HTC does one thing well it designs excellent smartphones. It does not, however, do many of the things associated with designing excellent smartphones, like marketing, very well at all, which goes a long way towards explaining why the company's market share has sunk as low as it has.
The last time HTC made headlines with an ad, it was for this effort, which features Robert Downey, Jr. (and Jon Polito!) talking absolute nonsense in a bewildering attempt creating some kind of ironic hipster cred. Note to advertisers forced quirkiness is easy to spot and makes you look desperate.
So HTC blew a reported $1 billion on making us all watch Downey, Jr. act weird. Congratulations. At least this means the next big push in the wake of the HTC One M8's release will consist of something besides paying a big-name actor to sleepwalk through some sloppy concept ad...oh.

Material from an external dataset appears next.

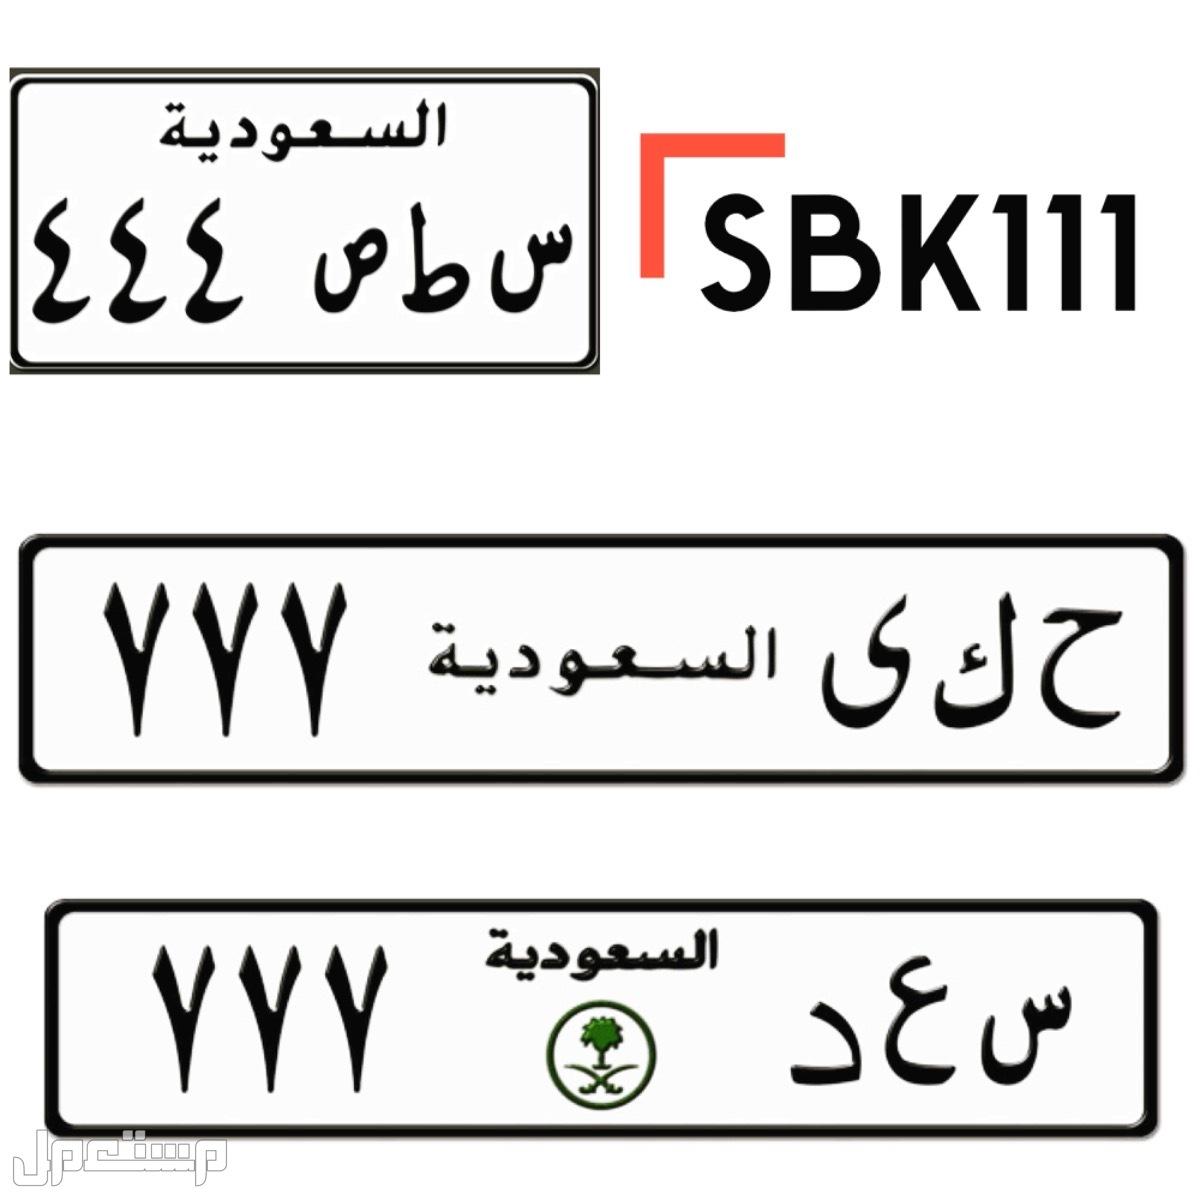 """سبك لوحات الشكل القديم والجديد """" SBK111 """""""
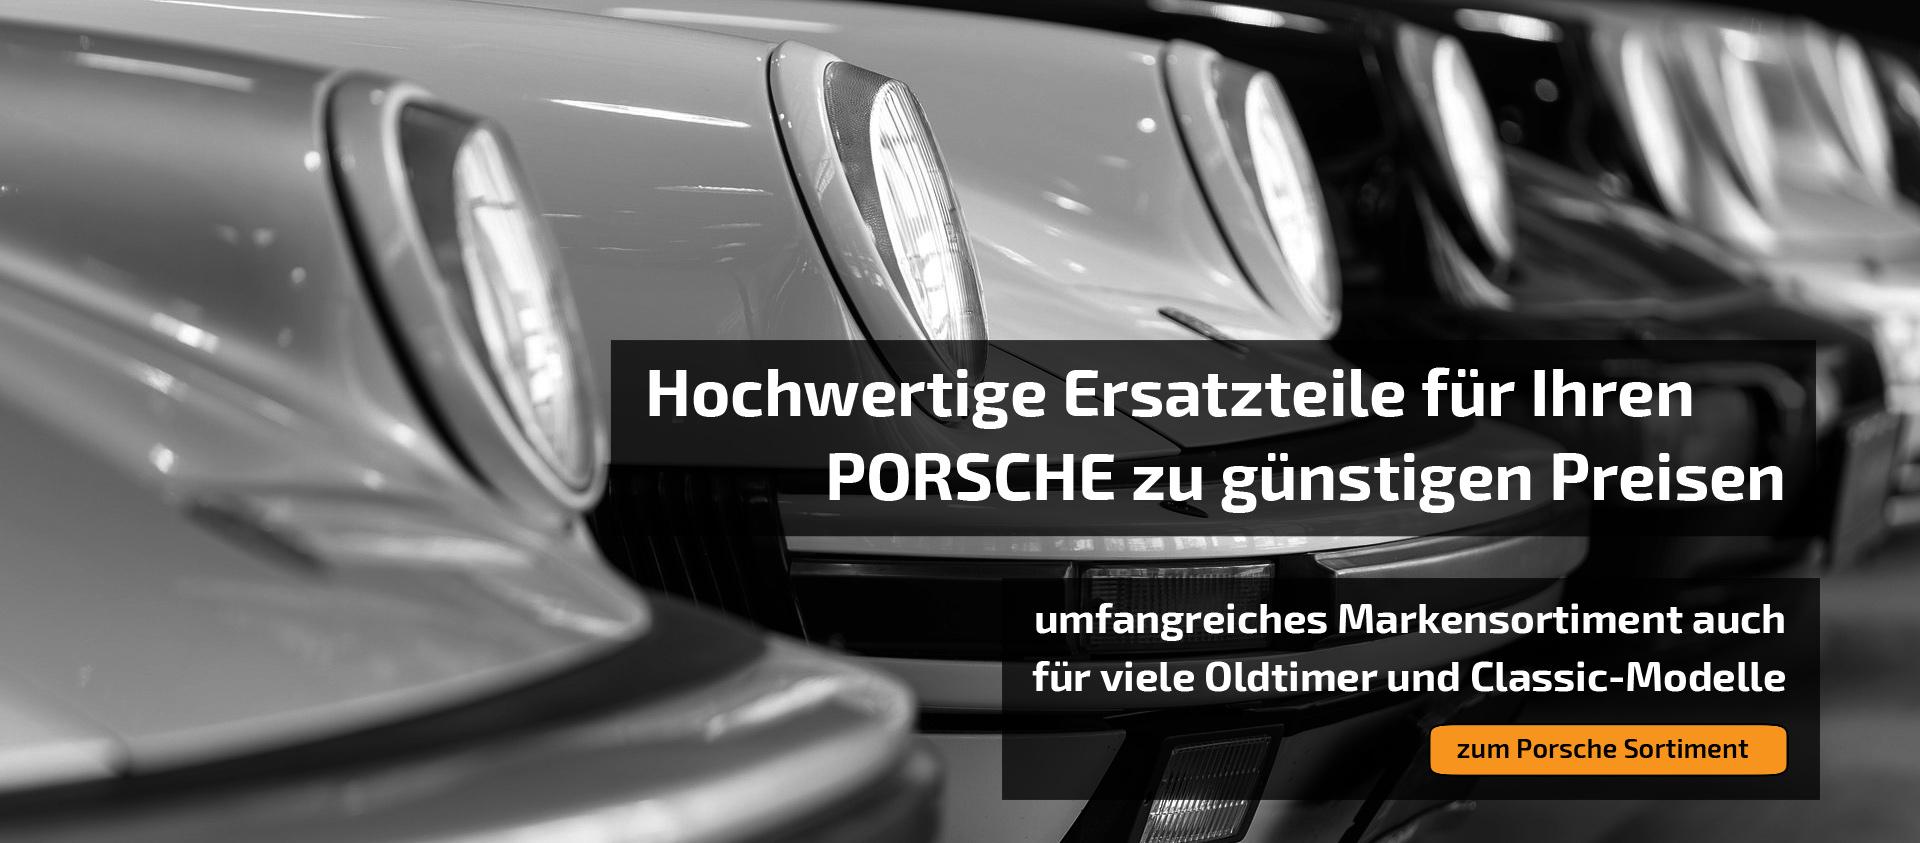 Headerbild für Porsche Ersatzteile

Sigh. Like much of the world, I adore Gary Oldman, which is why just having him sit there staring at the camera for the entire second half of the spot seems like kind of a waste. I used the word "half-baked" in the sub-head here, and I really can't think of a better description. It's like they came up with the idea while Oldman was already on his way and just texted him the script when he was driving to the set. Oldman walks in, delivers the lines, and then just sits there for almost 30 seconds, since the advertisers didn't have time to write the rest of the spot.
The idea is to whip up the power user crowd and appeal to their sense of being different than the herd. It's a better plan than the bogus hipsterism of the Downey ad at least they know their target market and the admittedly naked snob appeal is effective enough. "At HTC, they don't make phones for everyone," Oldman twinkles wisely at us, "just those who demand more. Who form their own opinions. People like you."
While I'm sure we all appreciate the vote of confidence, I think I speak for everyone when I say "this got awkward after about the fifth second of watching Oldman waiting patiently for us to go and look stuff up on the Internet." I get the point, and I'm sure somebody somewhere will call it a "bold" choice to have absolutely zilch happen for half of the spot, but it's still irritating. The power user crowd doesn't like having its time wasted.
Then again, given the fulsome praise heaped on the One M8 by early reviewers, maybe getting people to go online and read about it isn't such a dumb idea after all.